From the output window:
The program '[9640] ProgramName.vshost.exe: Managed (v4.0.30319)' has exited with code 0 (0x0).
I was wondering whether the size of the posted data could be a problem, but I've not found any documentation stating size limits.
So my questions are:
What could be causing the console app to prematurely exit?
How can I detect this and prevent the program exiting?
One of possible problems, that you just don't await execution of Post method. Here is simplified version of what i am talking about:
static void Main(string[] args)
{
Action testAction = async () =>
{
Console.WriteLine("In");
await Task.Delay(100);
Console.WriteLine("First delay");
await Task.Delay(100);
Console.WriteLine("Second delay");
};
testAction.Invoke();
Thread.Sleep(150);
}
testAction will be aborted on second await Task, and console exits with 0 code. And output will be:
In
First delay
Press any key to continue . . .
In my case, i would just add Console.ReadKey() call at the end of Main method. In your case something different might be required
Please take a look at this question witch enumerates some Exceptions you need to handle:
.NET Global exception handler in console application
Application.ThreadException += MYThreadHandler;
AppDomain.CurrentDomain.UnhandledException += new UnhandledExceptionEventHandler(CurrentDomain_UnhandledException);
Also consider this aproach for Task Exceptions:
static void Main(string[] args)
{
Task<int> task = new Task<int>(Test);
task.ContinueWith(ExceptionHandler, TaskContinuationOptions.OnlyOnFaulted);
task.Start();
Console.ReadLine();
}
static int Test()
{
throw new Exception();
}
static void ExceptionHandler(Task<int> task)
{
var exception = task.Exception;
Console.WriteLine(exception);
}
You can find more detail in one of the answers of this question:
catch exception that is thrown in different thread
Once you hit await control will be returned to the caller of Post.

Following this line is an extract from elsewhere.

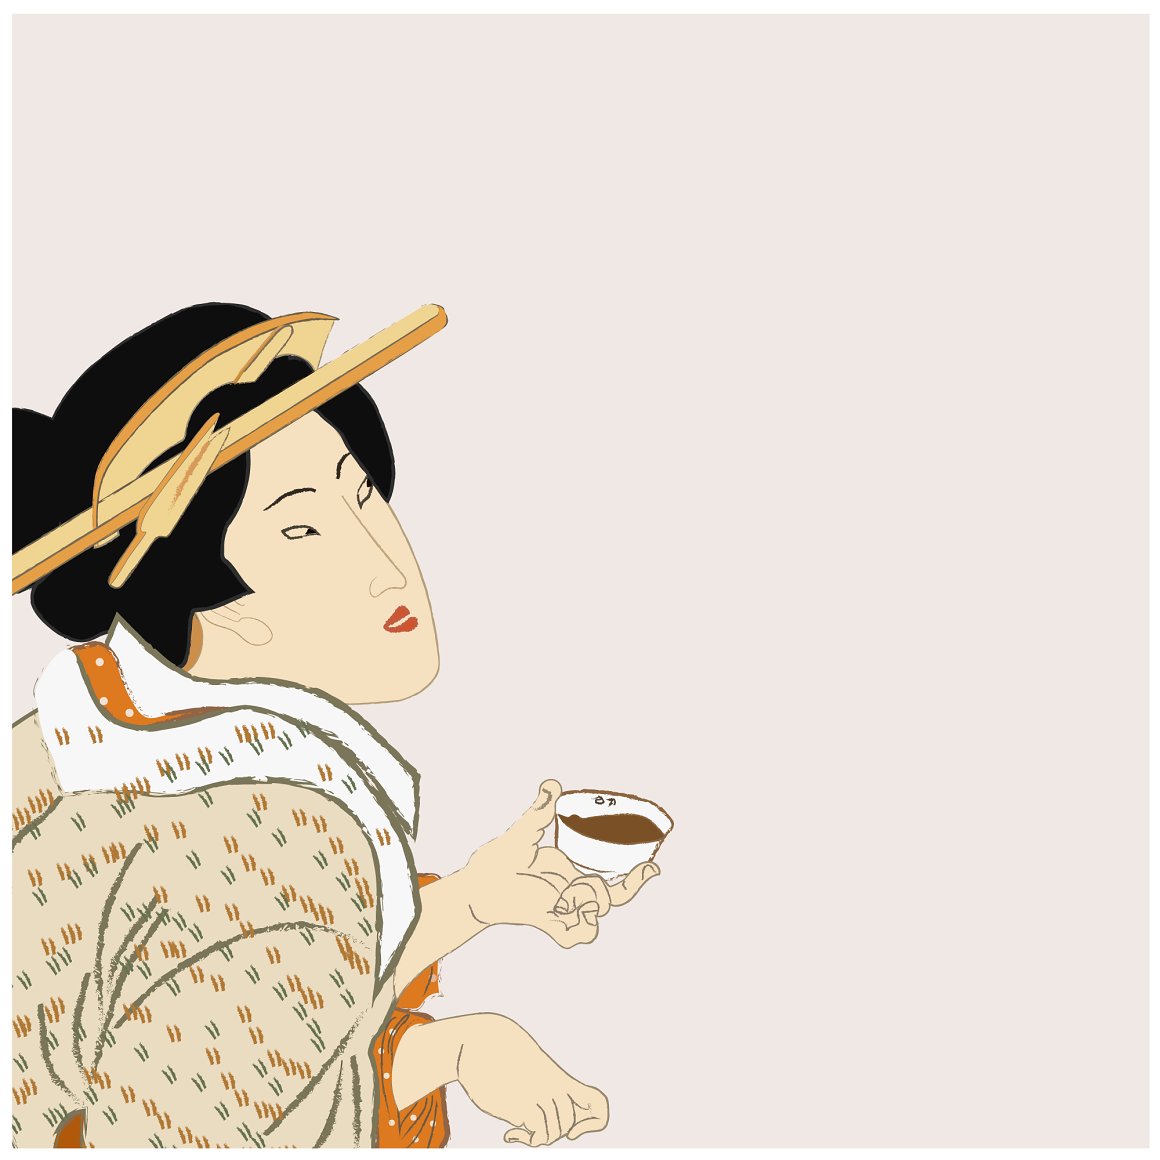 Illustration of a geisha in a kimono with a cup of coffee on a gray background.
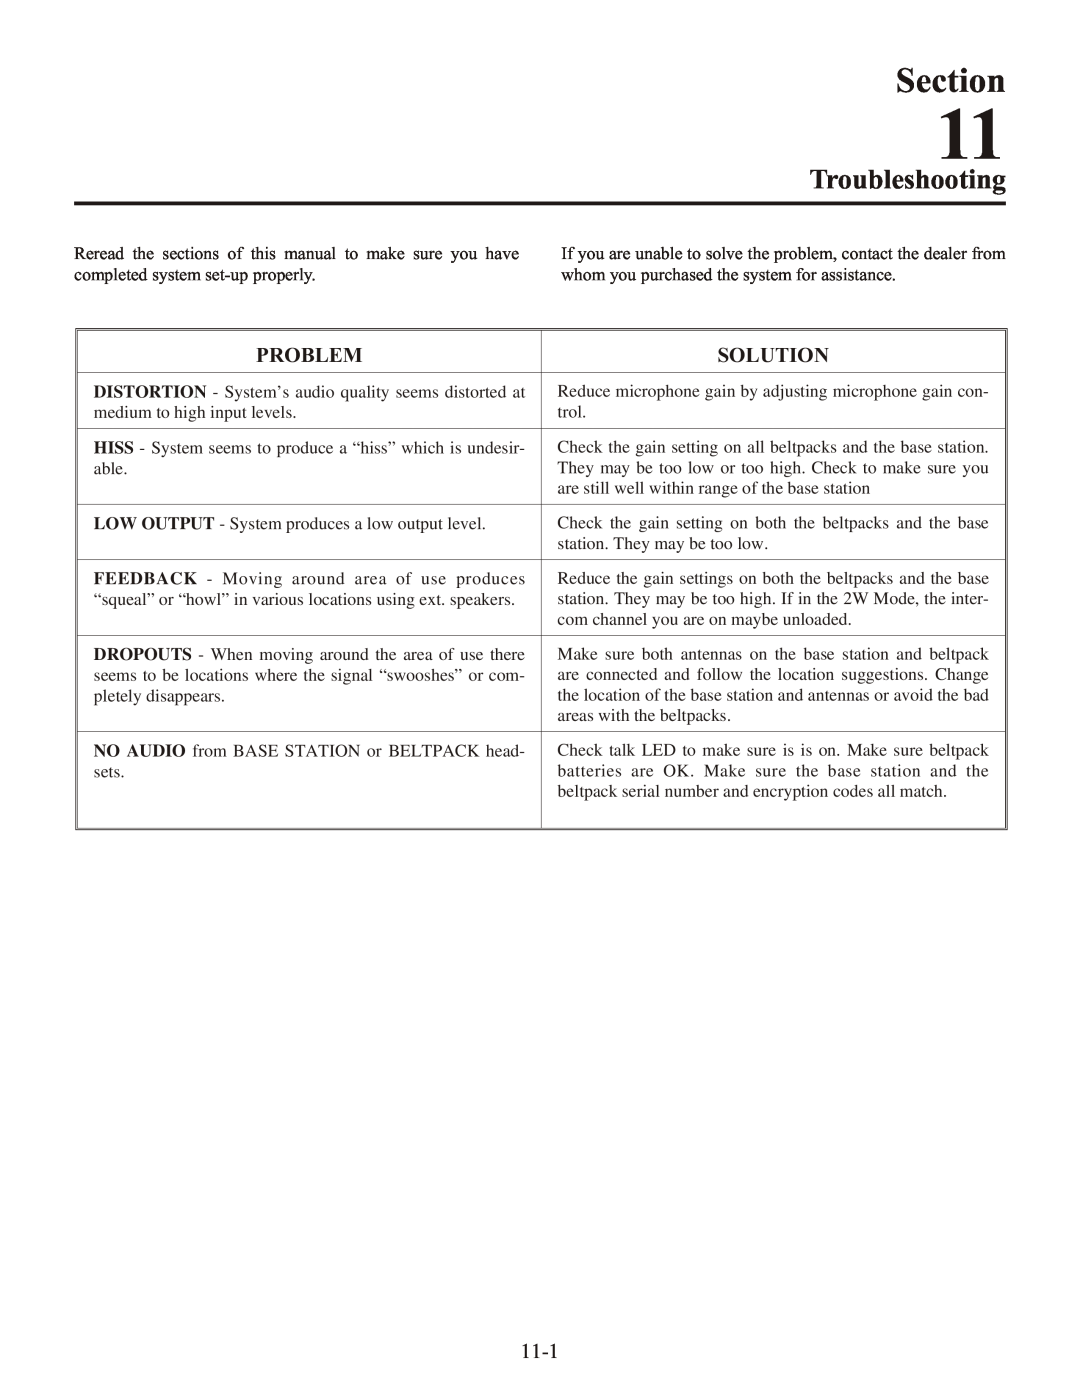 Telex BTR-1 operating instructions Troubleshooting, Section, Problem, Solution

Rather than have await in the post method, use ContinueWith from the returned task, something like: Task continuation on UI thread or Wait on the returned task: http://msdn.microsoft.com/en-gb/library/dd537610.aspx
I would suggest testing to see if the JSON.Net serializer is capable of serializing your type.
"exited with code 0" means the program exited gracefully. Thus, it might be the caller of Post<T> or even above callers determine that it was time to end the program. If you are familiar with debugging tools such as WinDbg, you can set native breakpoints at ntdll functions to further diagnose the case, but normally you just need to review your code base.